Much concern has been raised about the upcoming 2010–2011 flu season in the Northern Hemisphere. In preparation for this event, we investigated the burden of influenza during the 2010 season in the Southern Hemisphere in the same hospitals involved in our report in the Journal (Jan. 7 issue)1 of serious disease in children in Argentina during the 2009 season.
During 2009, Argentina had the third largest number of deaths due to pandemic influenza in the Americas.2 As reported in the Journal, 1 our retrospective case series consisted of 251 hospitalizations and 13 deaths between May 1 and July 31, 2009, in a catchment population of 1.2 million children. The hospitalization and death rates of 20.9 and 1.1 per 100,000 children, respectively, exceeded rates due to seasonal influenza viruses in previous years by a factor of 2 and a factor of 10, respectively.

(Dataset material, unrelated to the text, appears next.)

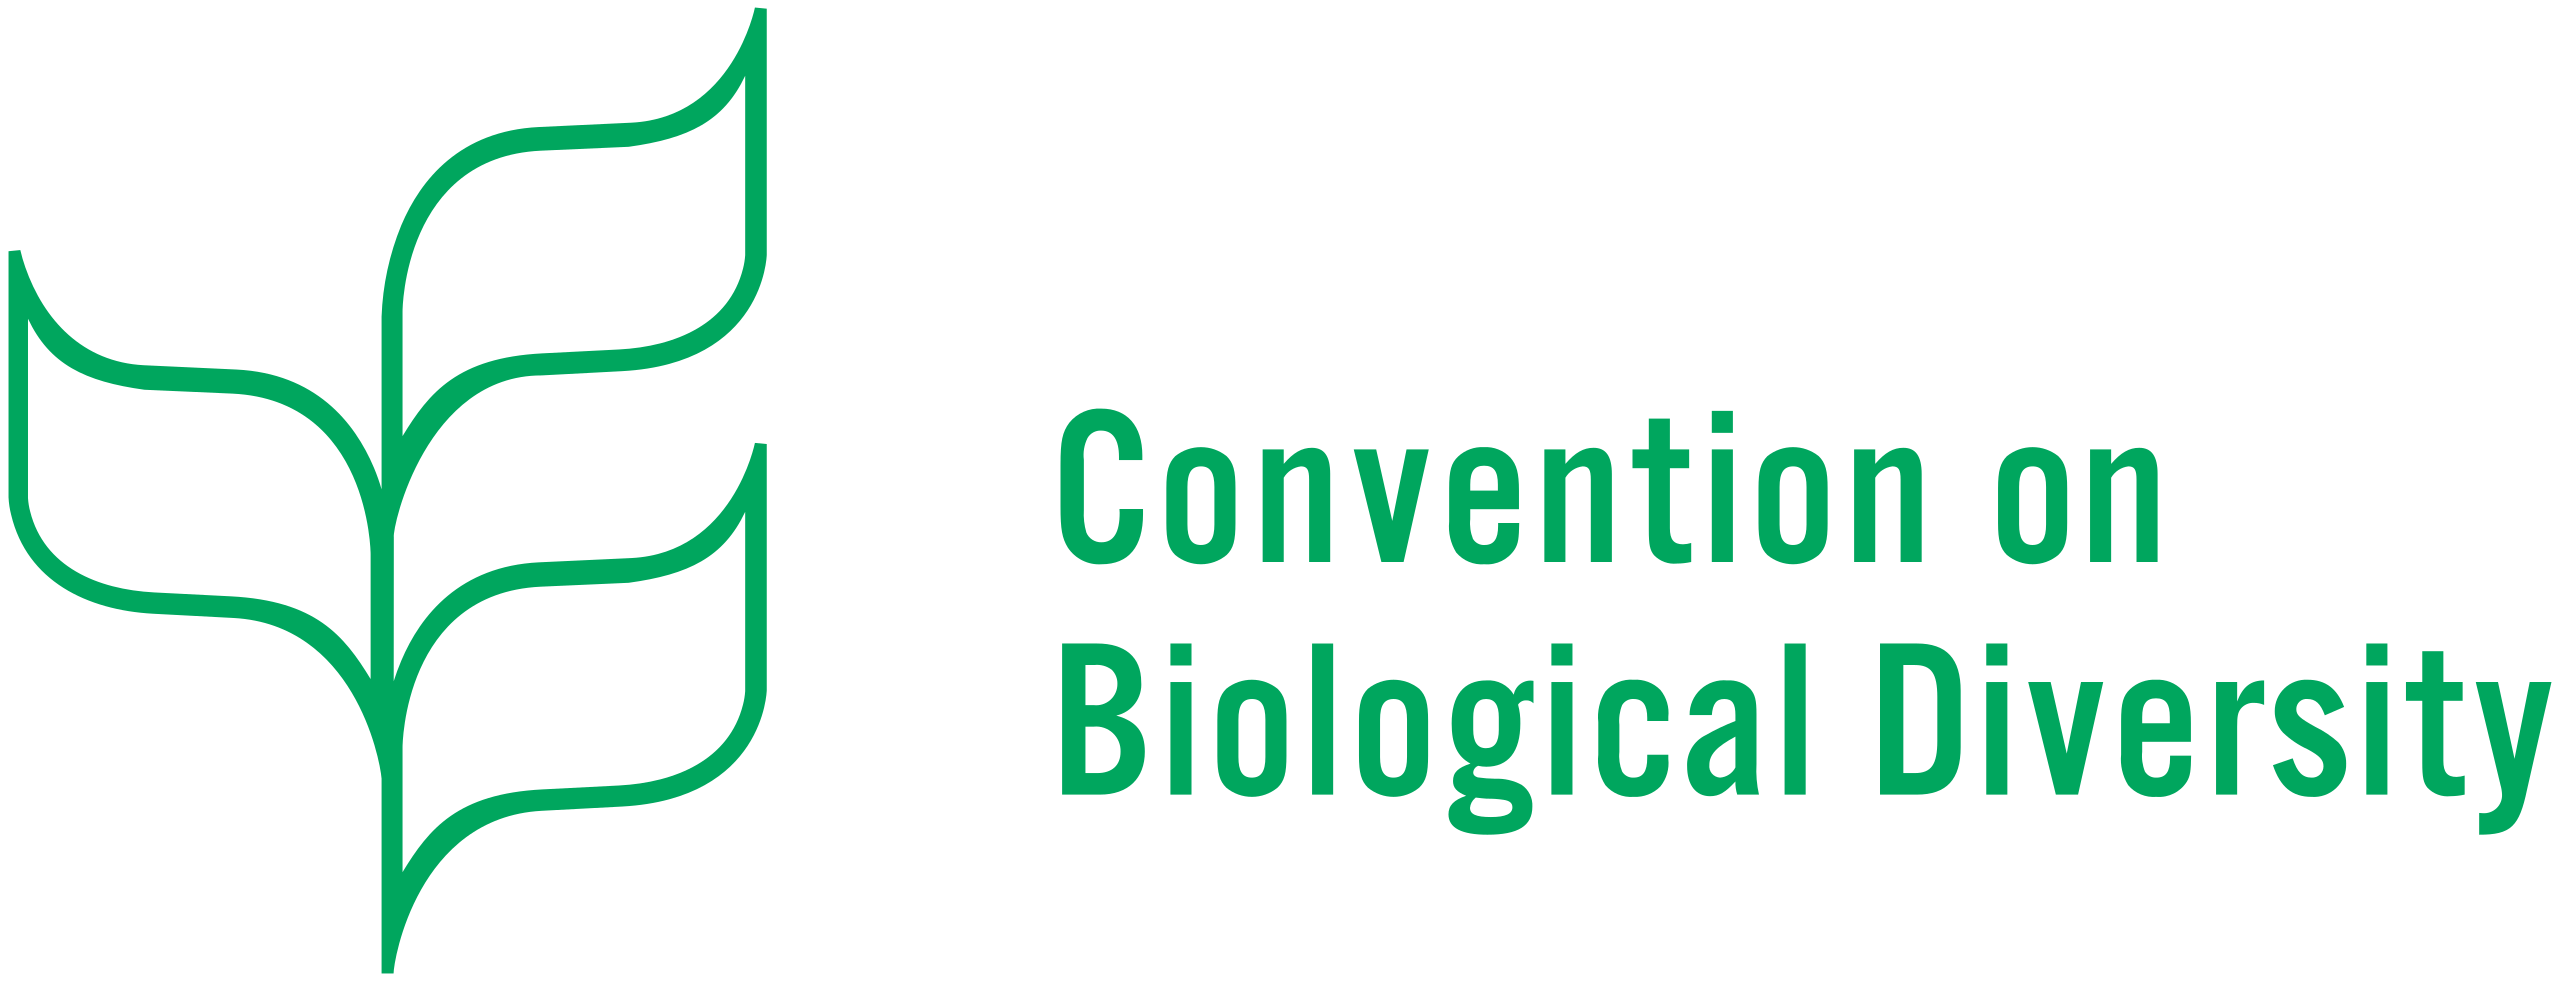 Convention on Biological Diversity logo.svg

From May 1 to July 31, 2010, we evaluated the burden of illness caused by the 2009 pandemic influenza A (H1N1) virus in five of the six pediatric institutions surveyed in 2009.1 The study was approved by the institutional review boards of the participating institutions. The sixth hospital transiently interrupted testing for pandemic flu during this season and was therefore excluded from our analysis. The five hospitals included provide medical care for a population of approximately 900,000 children. The evaluation period was chosen on the basis of flu seasonality in previous years.1,3 Assessment for pandemic influenza was performed by testing nasal aspirates or both nasal and throat swabs with the use of a real-time reverse-transcriptase–polymerase-chain-reaction assay.1 No pediatric hospitalizations due to 2009 H1N1 influenza were identified (P<0.001 for the comparison with the 2009 season). In all, 42 children were hospitalized because of influenza B, and 1 child because of influenza A (H3N2). Three children infected with influenza B who also had chronic lung disease recovered after intensive care.
Several factors most likely contribute to the apparent absence of severe pediatric cases of 2009 H1N1 influenza in Argentina during the recent influenza season. First, uptake or administration of the influenza A (H1N1) 2009 monovalent vaccine in infants, children under 5 years of age, and children with high-risk medical conditions was 93% before this season.3 In the previous season, this group accounted for 98% of admissions.1,4 In addition, the availability and use of oseltamivir may have contributed to the lessening of severe presentations. Oseltamivir was not widely available in Argentina early in 2009.1 Finally, an estimated one child in every three acquired the 2009 H1N1 virus during that year, leaving many protected during the subsequent season.5
Although additional surveillance data from other countries are needed, these data from Argentina suggest that the severity of the upcoming 2009 H1N1 season in the Northern Hemisphere may be diminished.